▼

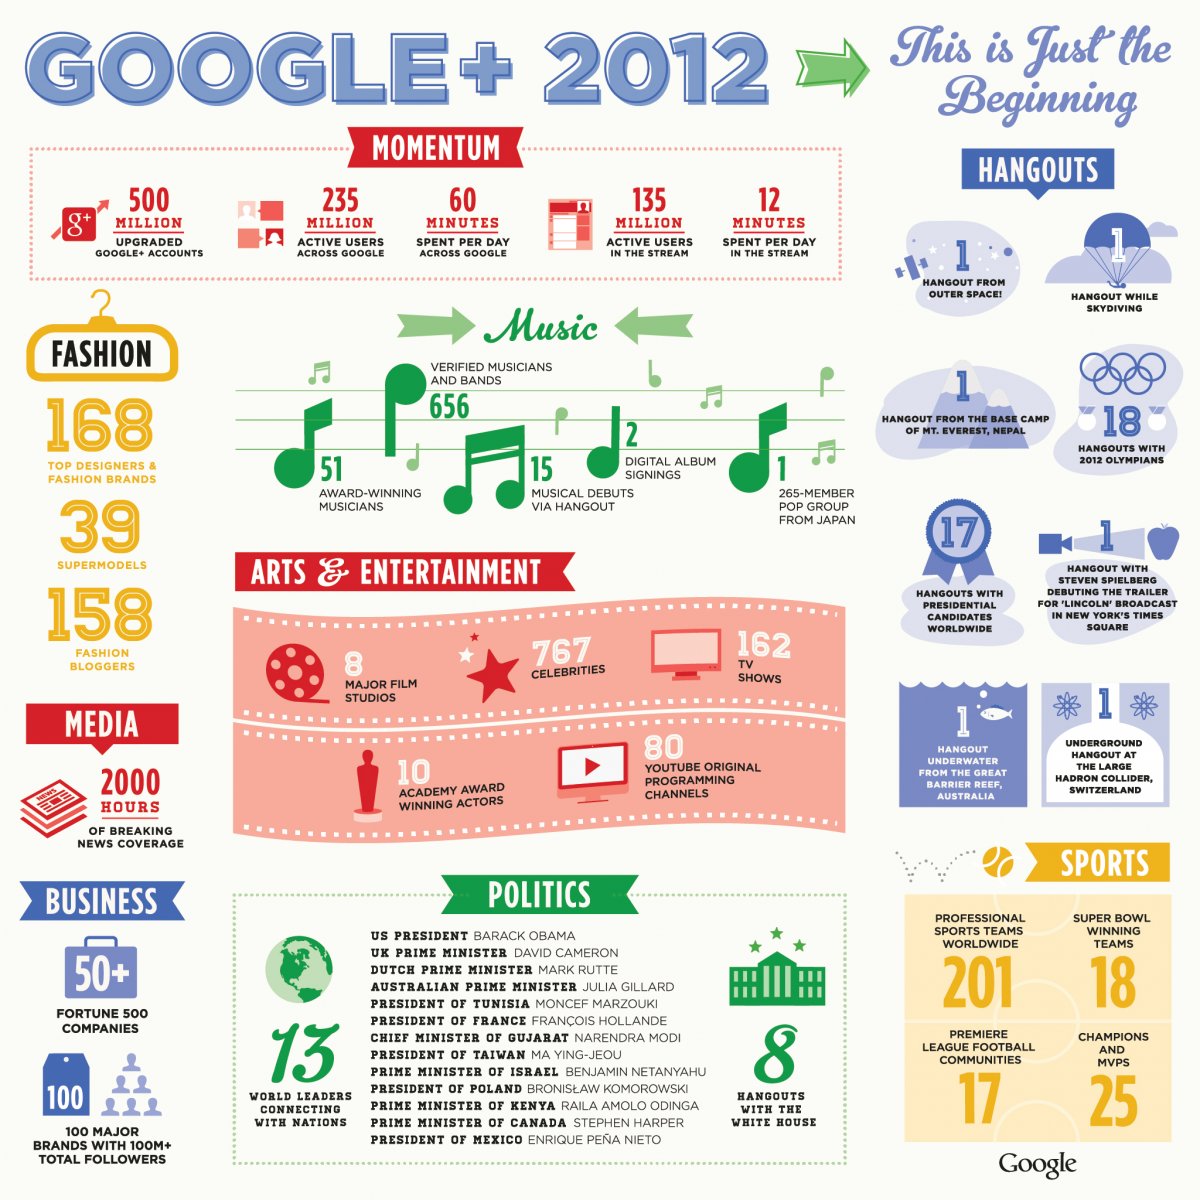 Google+ Infographic - Google+ in numbers
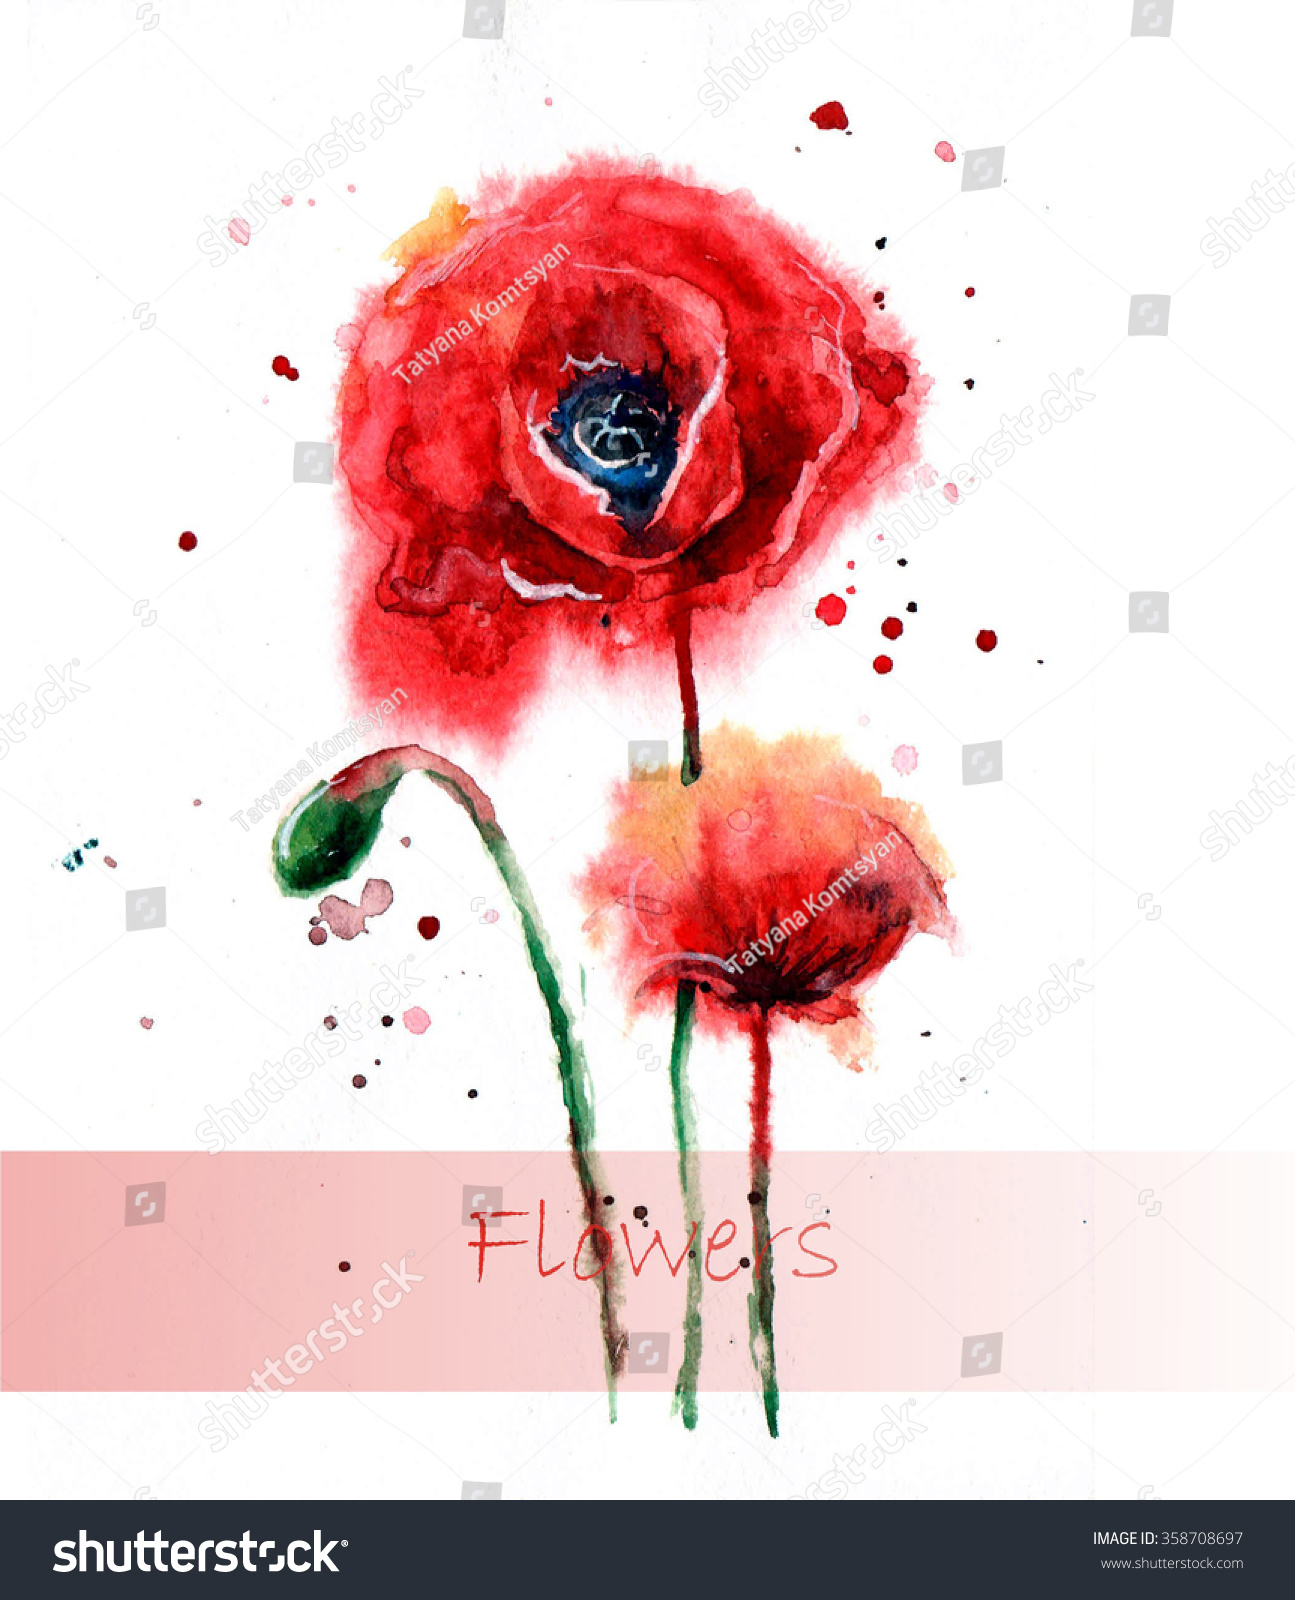 Beautiful Poppy flowers, Watercolor painting Isolated on white background.n Beauty print. flower sketch #358708697
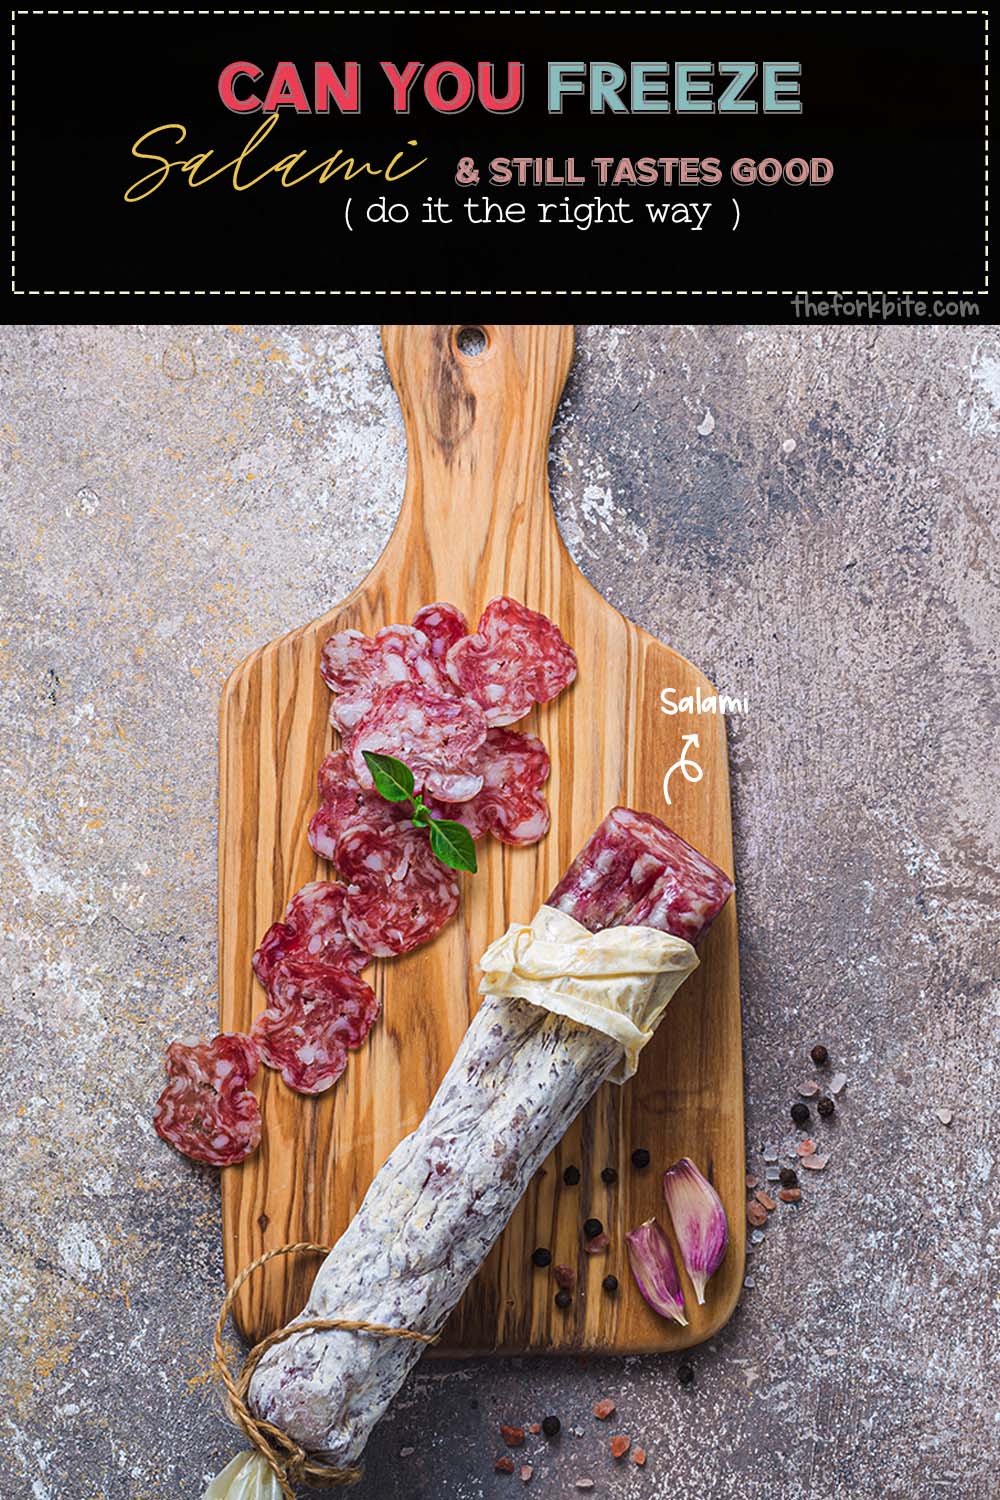 If you prepare it properly by wrapping it to avoid both dryness and excess moisture, salami, both whole or sliced, will last for as long as six months in a freezer and, when unopened, as long as six weeks in your fridge.
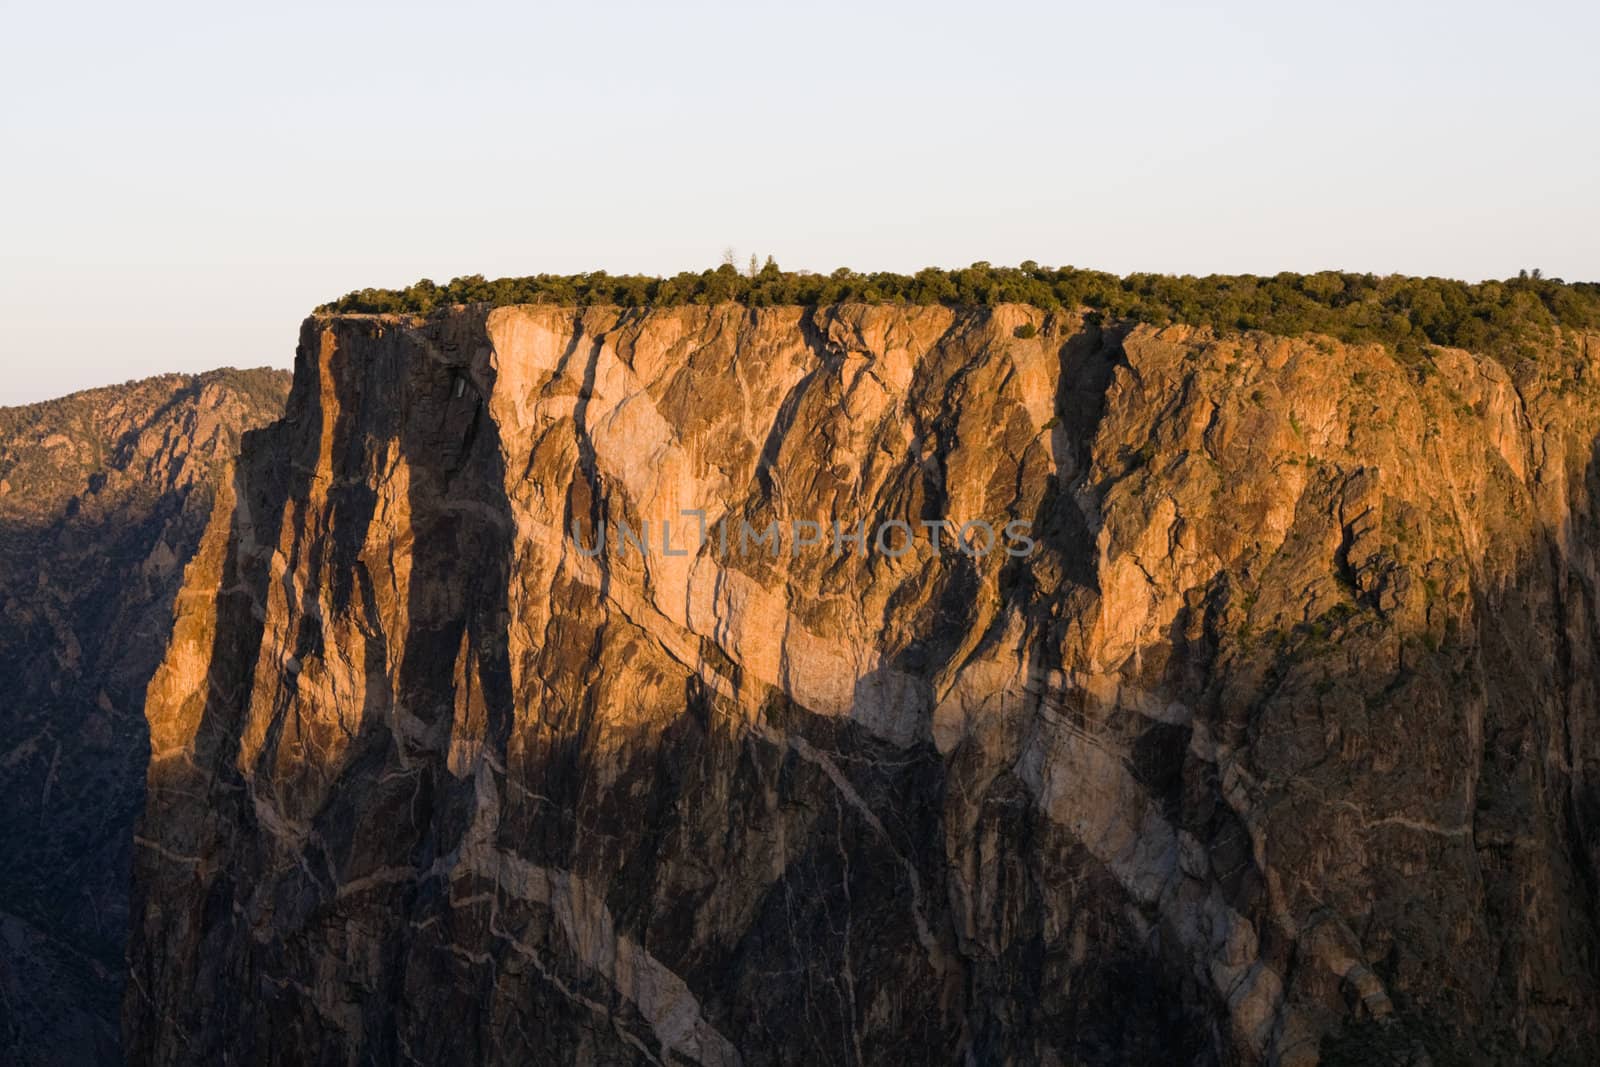 Rock Details in Black Canyon of the Gunnison by benkrut

▲

### What you are asked to do
Please give again, exactly and only, the lines from the top of the listing above through the line that has "Beautiful Poppy flowers, Watercolor", with pictures left out.

### Answer section
 Google+ Infographic - Google+ in numbers
 Beautiful Poppy flowers, Watercolor painting Isolated on white background.n Beauty print. flower sketch #358708697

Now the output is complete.